“Tudo é vosso, mas vós sois
de Cristo e Cristo é de Deus.” (1Cor 3,22-23)
Estamos
na comunidade dos cristãos de Corinto, muito viva, cheia de iniciativas,
animada internamente por grupos ligados a diversos líderes carismáticos. Daí
também a existência de tensões entre pessoas e grupos, divisões, culto de
personalidade, vontade de aparecer. Paulo intervém com decisão, lembrando a
todos que, em meio à riqueza e variedade de dons e lideranças da comunidade,
algo de muito mais profundo liga seus membros em unidade: o fato de pertencerem
a Deus.
Ressoa,
mais uma vez, o grande anúncio cristão: Deus está conosco. Não estamos
desnorteados, órfãos, abandonados a nós mesmos. Mas, sendo filhos Dele,
pertencemos a Ele. Como verdadeiro pai, Ele cuida de cada um, sem deixar-nos
faltar nada daquilo que precisamos para o nosso bem. Mais ainda, Ele é
superabundante no amor e nas dádivas: “Tudo vos pertence – como afirma
Paulo: o mundo, a vida, a morte, o presente, o futuro, tudo é vosso!”. Ele nos
deu até mesmo o seu Filho, Jesus.
Como
é imensa a confiança da parte de Deus ao colocar tudo em nossas mãos! Por outro
lado, quantas vezes abusamos dos seus dons: arrogamo-nos a donos da criação até
o ponto de saqueá-la e degradá-la; donos dos nossos irmãos e irmãs até o ponto
de escravizá-los e massacrá- los; donos das nossas vidas até o ponto de
arruiná-las no narcisismo e na degeneração.
O
imenso dom de Deus – “Tudo é vosso” – exige gratidão. Muitas vezes nos
lamentamos por aquilo que nos falta, ou nos dirigimos a Deus somente para
pedir. Por que não olhamos ao nosso redor e descobrimos as coisas boas e
bonitas que nos rodeiam? Por que não mostramos a Deus a nossa gratidão por tudo
o que Ele nos doa, dia após dia?
“Tudo
é vosso” é também uma responsabilidade. Ela exige de nós solicitude, ternura,
zelo por aquilo que nos foi confiado: o mundo inteiro e cada ser humano; o
mesmo zelo que Jesus tem por nós (“vós sois de Cristo”), o mesmo zelo que o Pai
tem por Jesus (“Cristo é de Deus”).
Deveríamos saber alegrar-nos com quem está na alegria e
chorar com quem chora, prontos a recolher cada gemido, divisão, dor, violência,
como algo que nos pertence. E compartilhar tudo até que seja transformado em
amor. Tudo nos é dado para que possamos levá- lo a Cristo, ou seja, até a
plenitude de vida, e a Deus, ou seja, até a sua meta final, restabelecendo
assim em cada coisa e em cada pessoa sua dignidade e seu significado mais
profundo.
Um
dia, em 1949, Chiara Lubich
experimentou uma profunda unidade com Cristo, chegando a sentir-se unida a Ele
como a esposa ao Esposo. Imaginou, então, qual seria o dote que apresentaria a
Ele e entendeu que deveria ser toda a criação! Ele, por sua vez, daria a ela em
herança todo o Paraíso. Lembrou-se então das palavras do Salmo: “Pede-me e te
darei como herança as nações e como tua posse os confins da terra…” (cf. Sl 2,8).

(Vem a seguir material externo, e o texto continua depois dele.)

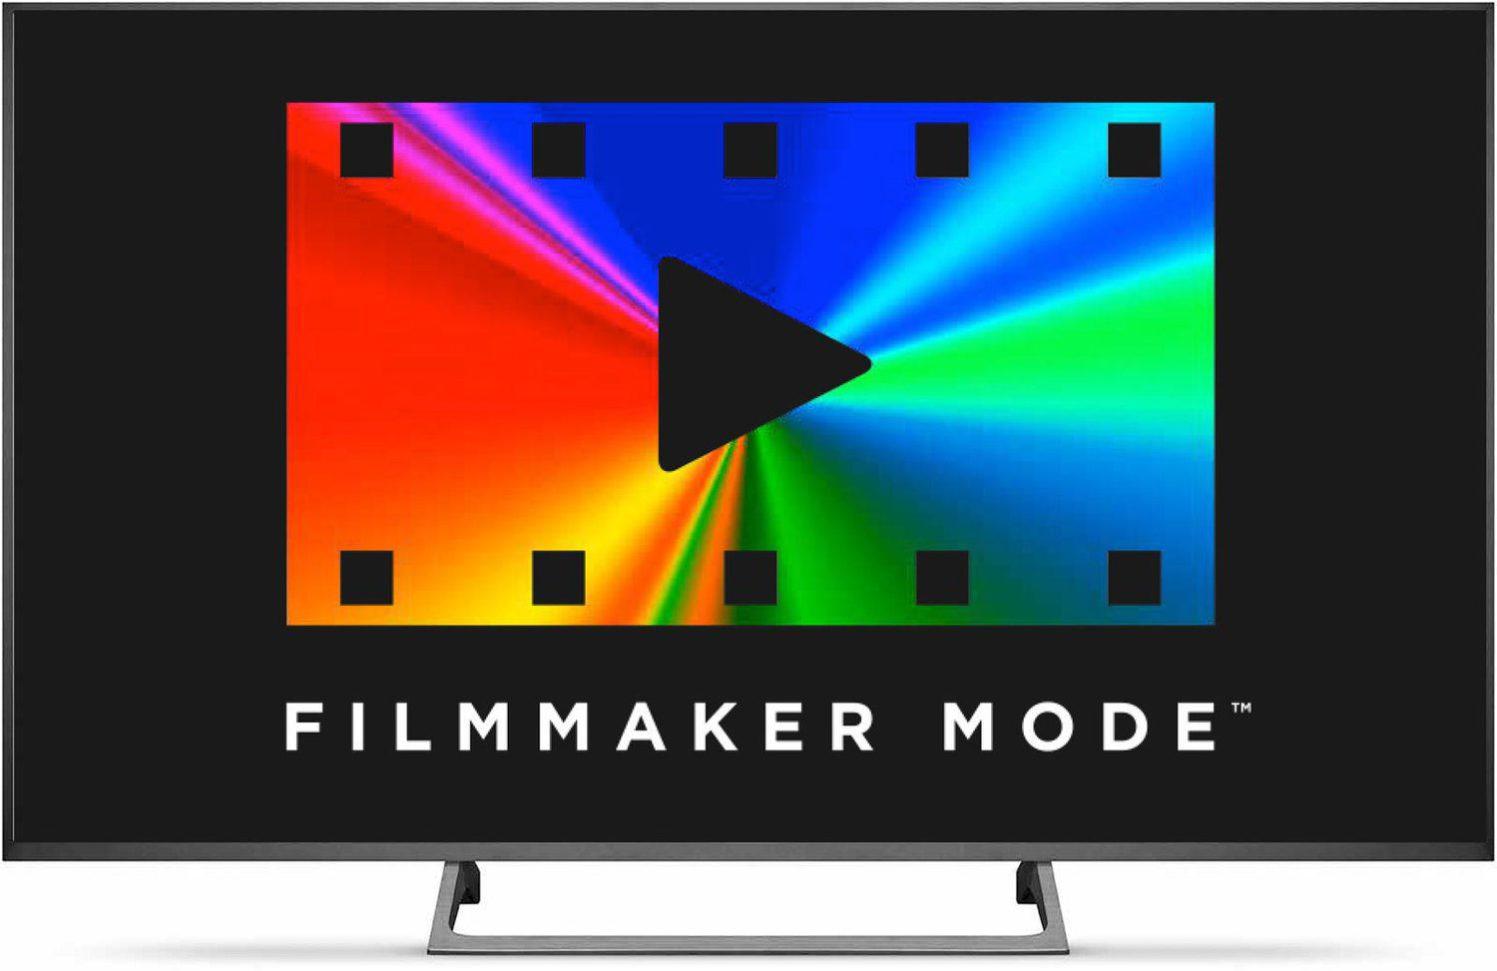 Samsung KU6300 Review – 4K Ultra HD TV - HDTVs and More

“Nós acreditamos e lhe pedimos; e deu-nos tudo para levarmos tudo a Ele, e Ele
nos dará o Céu: nós, a criação; Ele, o Incriado”.
Perto
do final de sua vida, falando do Movimento que ela tinha feito nascer e no qual
ela se via refletida, Chiara Lubich assim escreveu: “Qual o meu último desejo
agora e por enquanto? Quisera que a Obra de Maria [o Movimento dos Focolares],
no final dos tempos, quando estiver à espera de comparecer perante Jesus
abandonado-ressuscitado, em bloco, pudesse repetir-lhe – fazendo eco às
palavras do teólogo belga Jacques Leclercq, que sempre me comovem: ‘… No teu
dia, meu Deus, caminharei em tua direção… Caminharei em tua direção, meu Deus
[…] e com o meu sonho mais desvairado: levar para ti o mundo em meus braços’.”